# Task
Reproduce the whole listing exactly, omitting any picture it holds.

# Given material
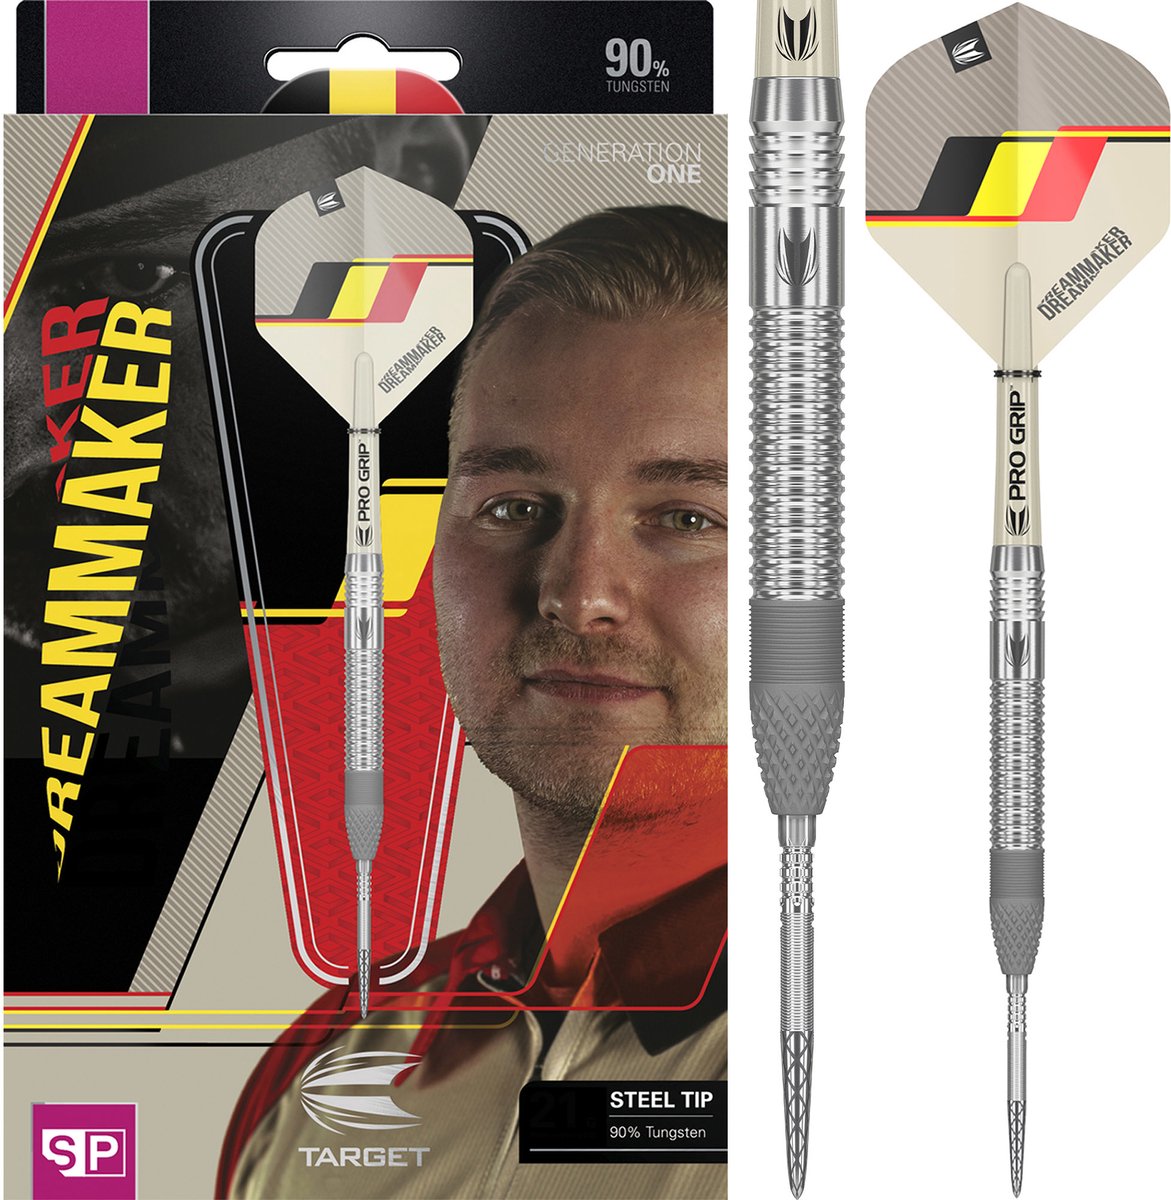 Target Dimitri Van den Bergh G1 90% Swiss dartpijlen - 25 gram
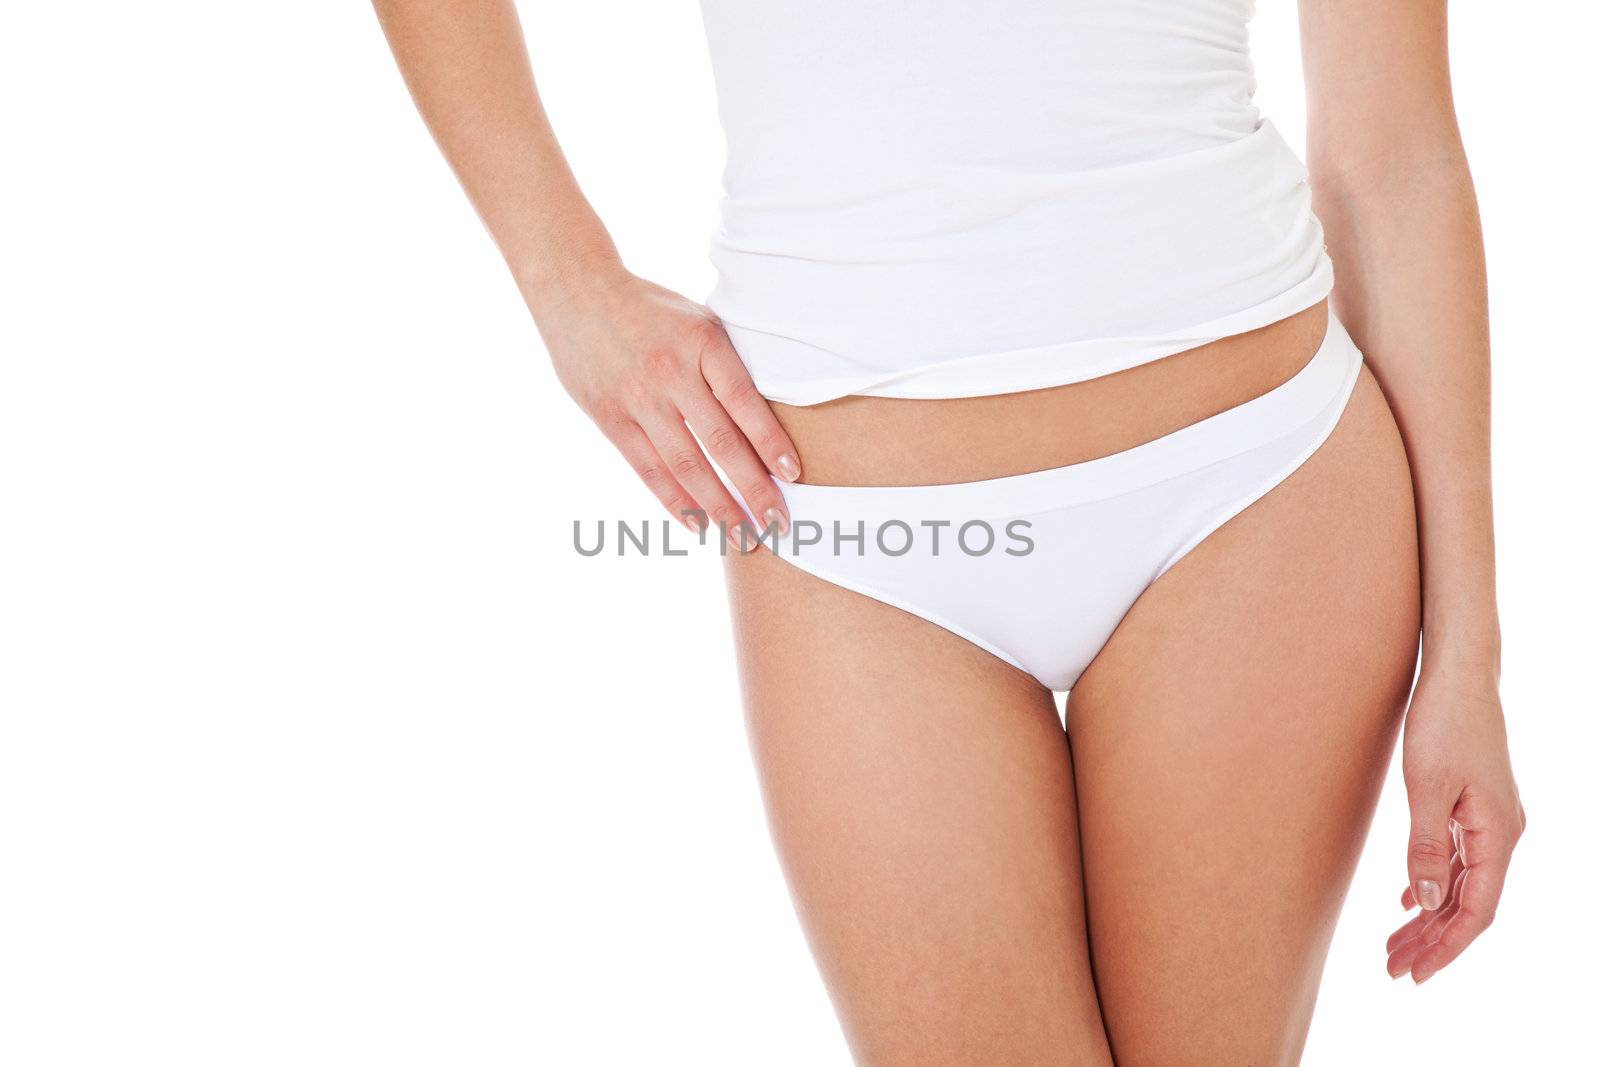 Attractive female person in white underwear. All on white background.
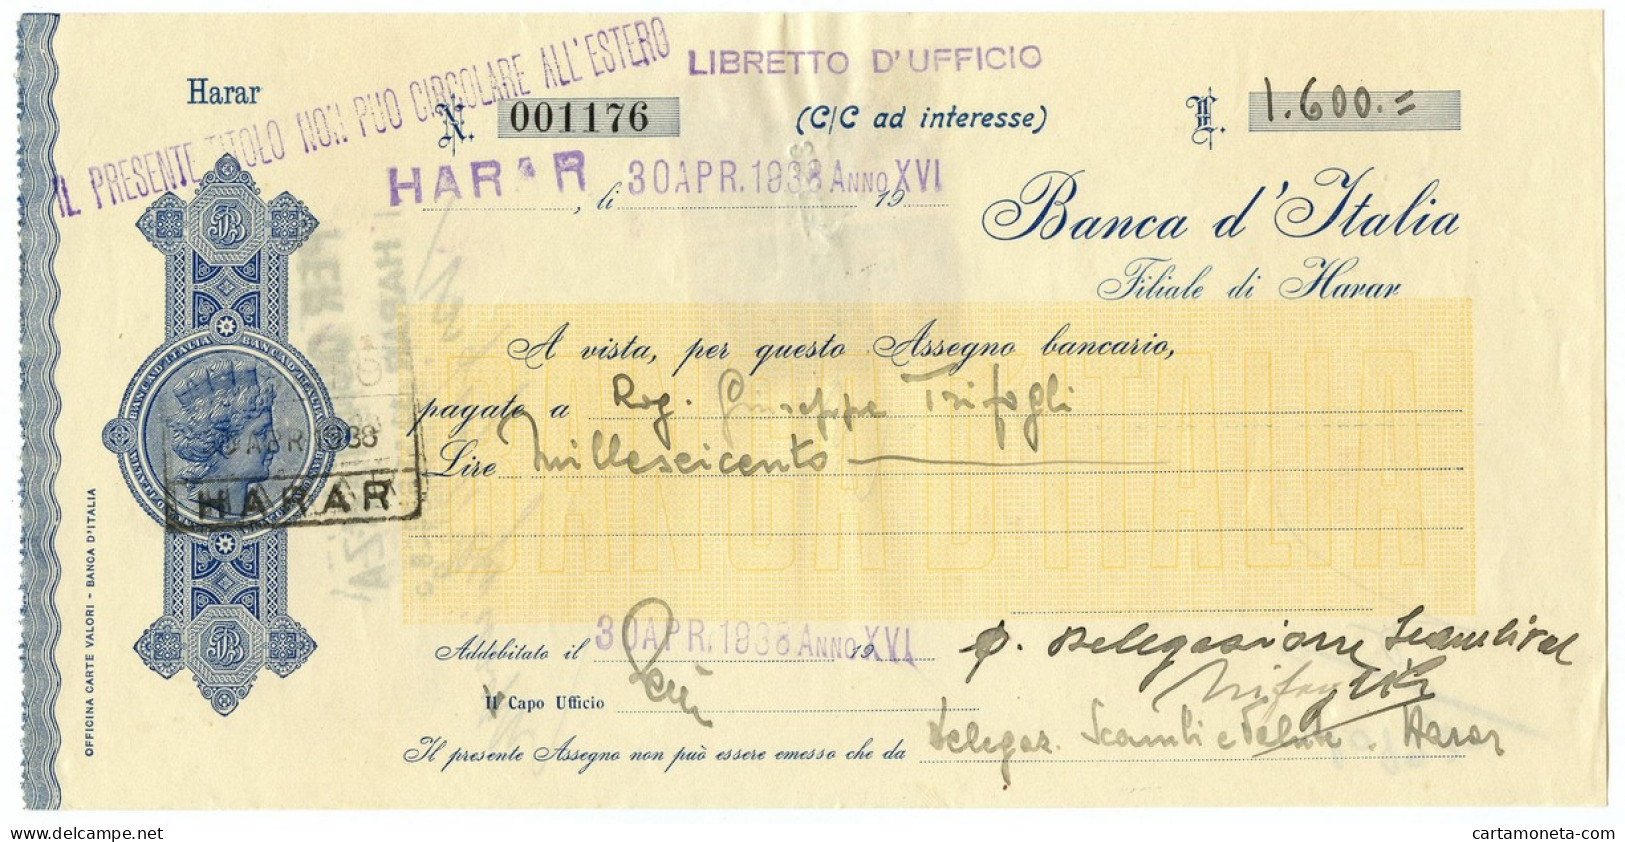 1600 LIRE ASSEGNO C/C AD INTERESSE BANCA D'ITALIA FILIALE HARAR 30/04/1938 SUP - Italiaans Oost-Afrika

# Problem solution
 Target Dimitri Van den Bergh G1 90% Swiss dartpijlen - 25 gram
 Attractive female person in white underwear. All on white background.
 1600 LIRE ASSEGNO C/C AD INTERESSE BANCA D'ITALIA FILIALE HARAR 30/04/1938 SUP - Italiaans Oost-Afrika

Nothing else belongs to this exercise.